*** Opening Recorded data ***

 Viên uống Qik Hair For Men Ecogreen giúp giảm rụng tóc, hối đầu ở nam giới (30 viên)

*** Closing Recorded data ***
*** Opening Recorded data ***

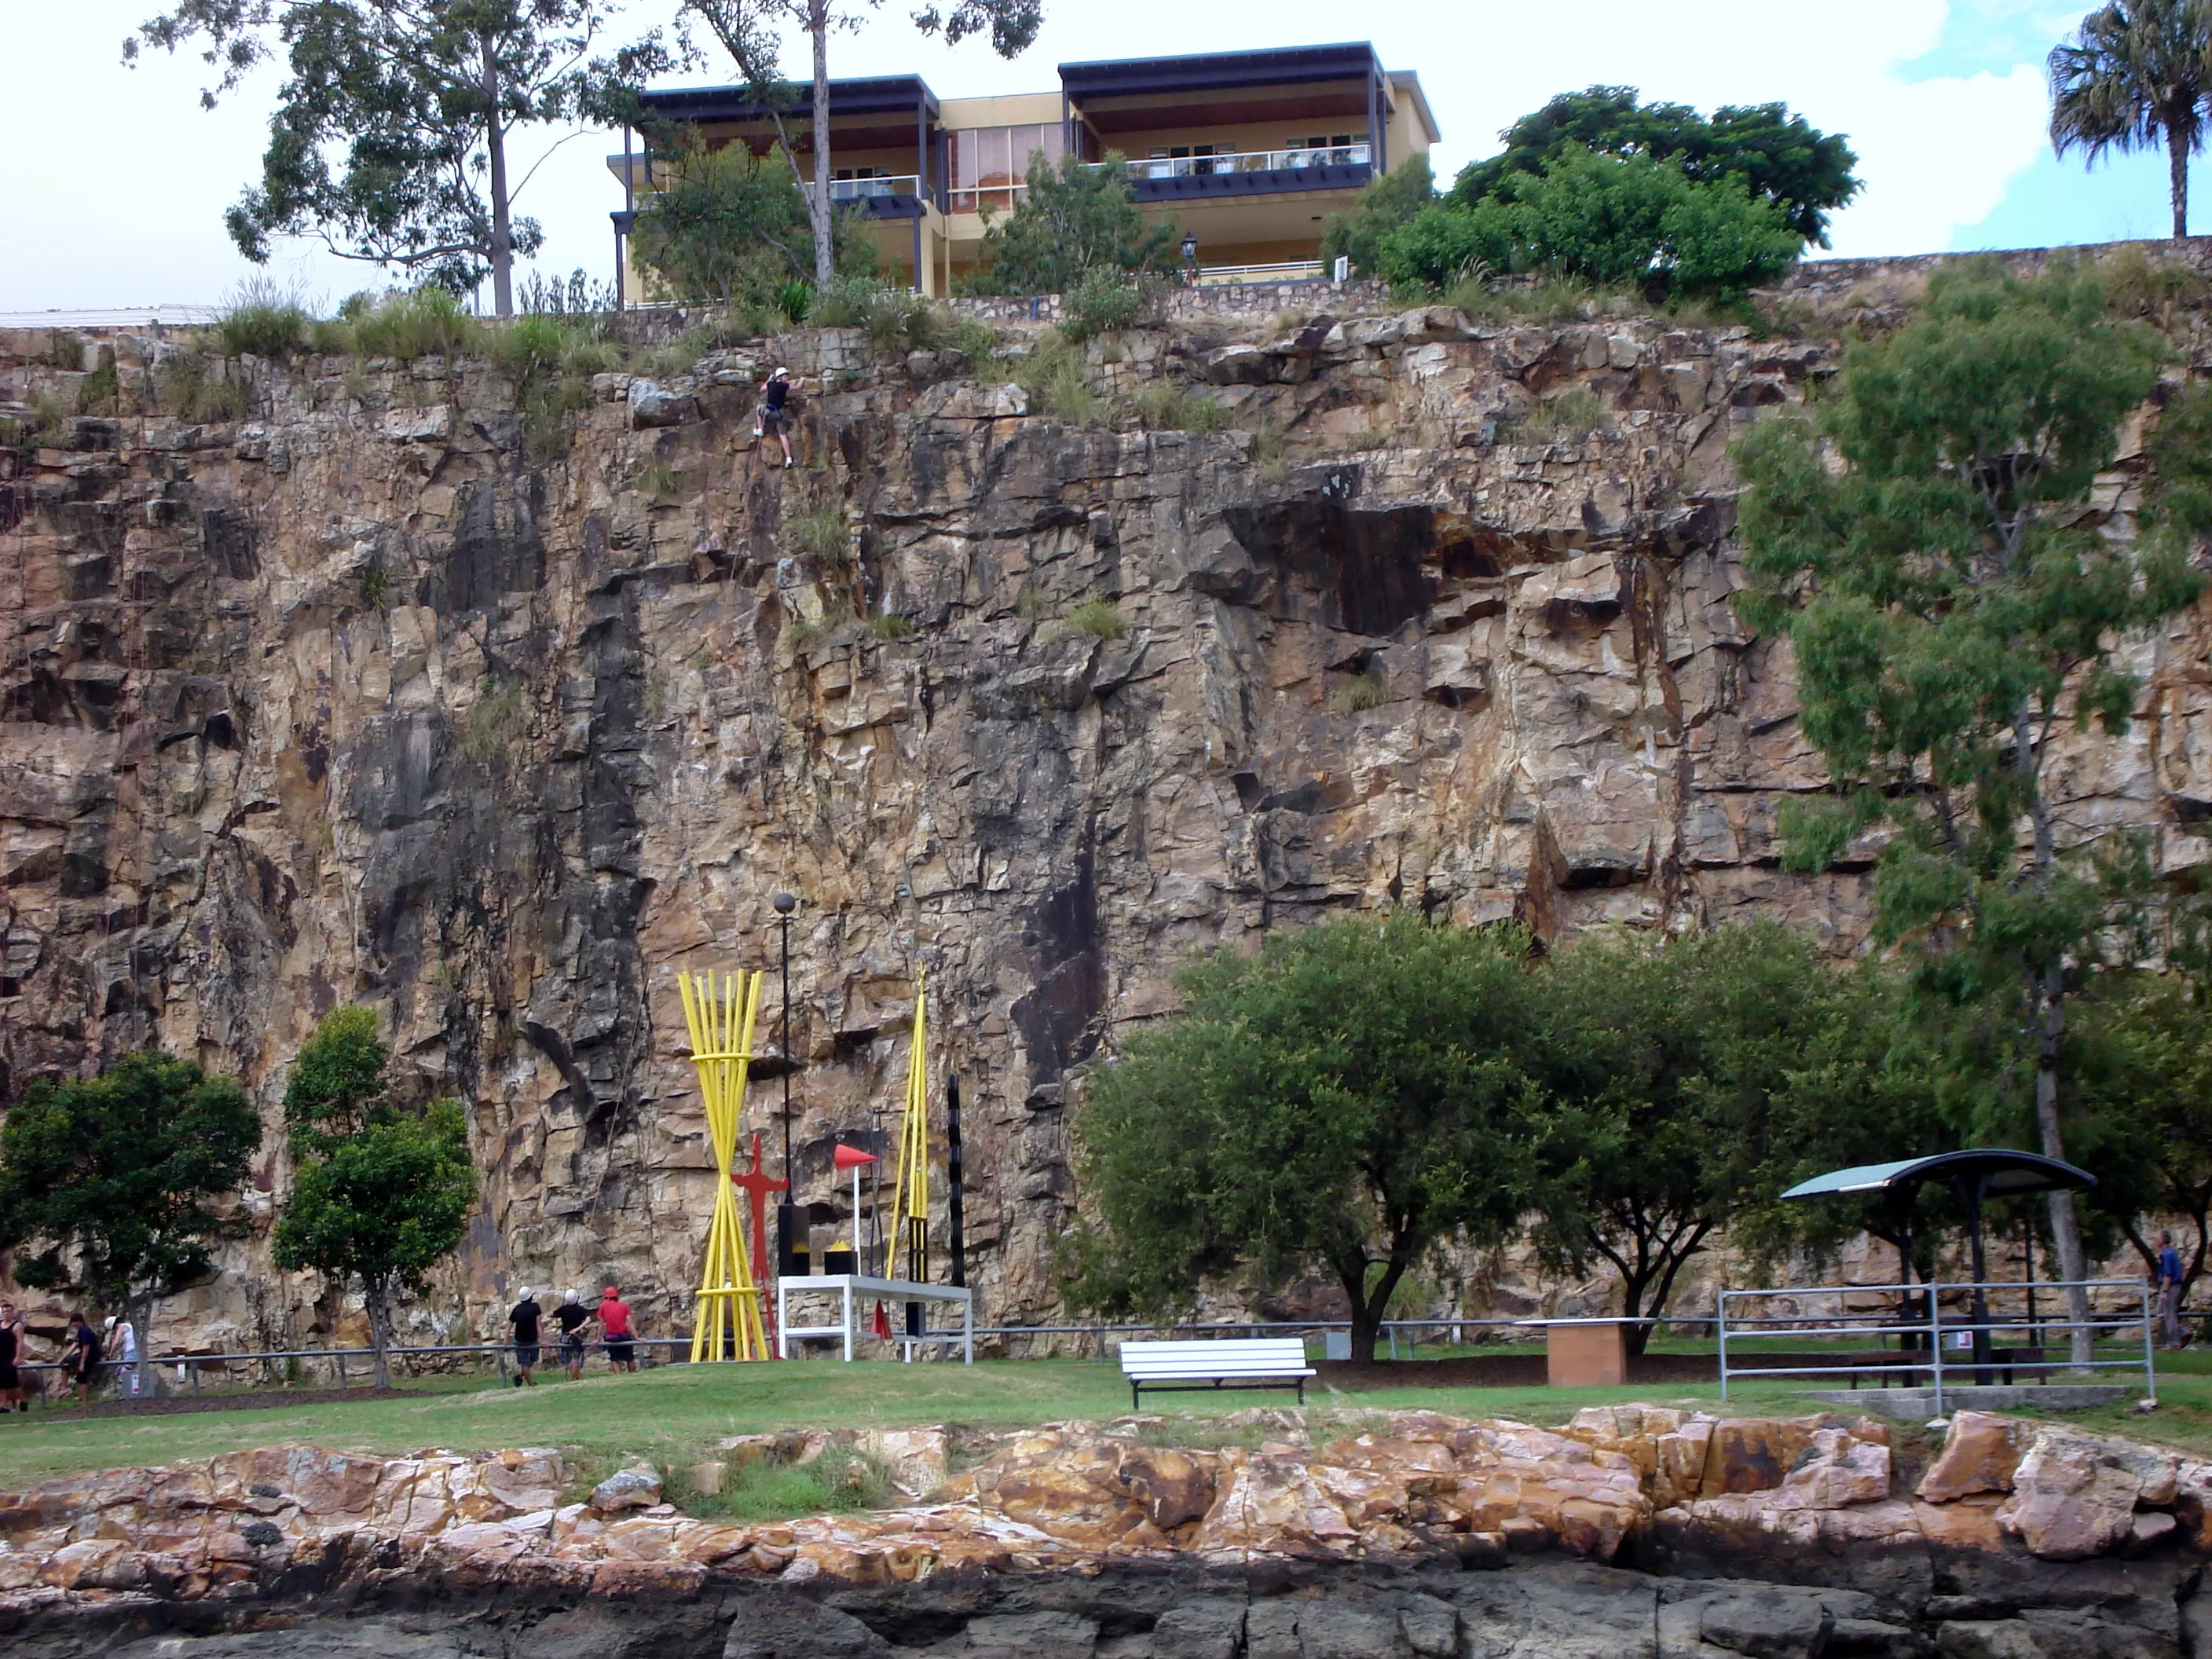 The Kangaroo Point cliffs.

*** Closing Recorded data ***
*** Opening Recorded data ***

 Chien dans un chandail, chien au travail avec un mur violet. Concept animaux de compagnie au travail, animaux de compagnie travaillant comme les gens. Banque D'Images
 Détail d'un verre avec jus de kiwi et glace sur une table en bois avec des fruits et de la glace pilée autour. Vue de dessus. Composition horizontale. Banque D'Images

*** Closing Recorded data ***

Instructions to follow.
Your reply is to repeat, unchanged, the lines above running from the one with "Chien dans un" up to and including the one with "Détail d'un verre".

Result.
 Chien dans un chandail, chien au travail avec un mur violet. Concept animaux de compagnie au travail, animaux de compagnie travaillant comme les gens. Banque D'Images
 Détail d'un verre avec jus de kiwi et glace sur une table en bois avec des fruits et de la glace pilée autour. Vue de dessus. Composition horizontale. Banque D'Images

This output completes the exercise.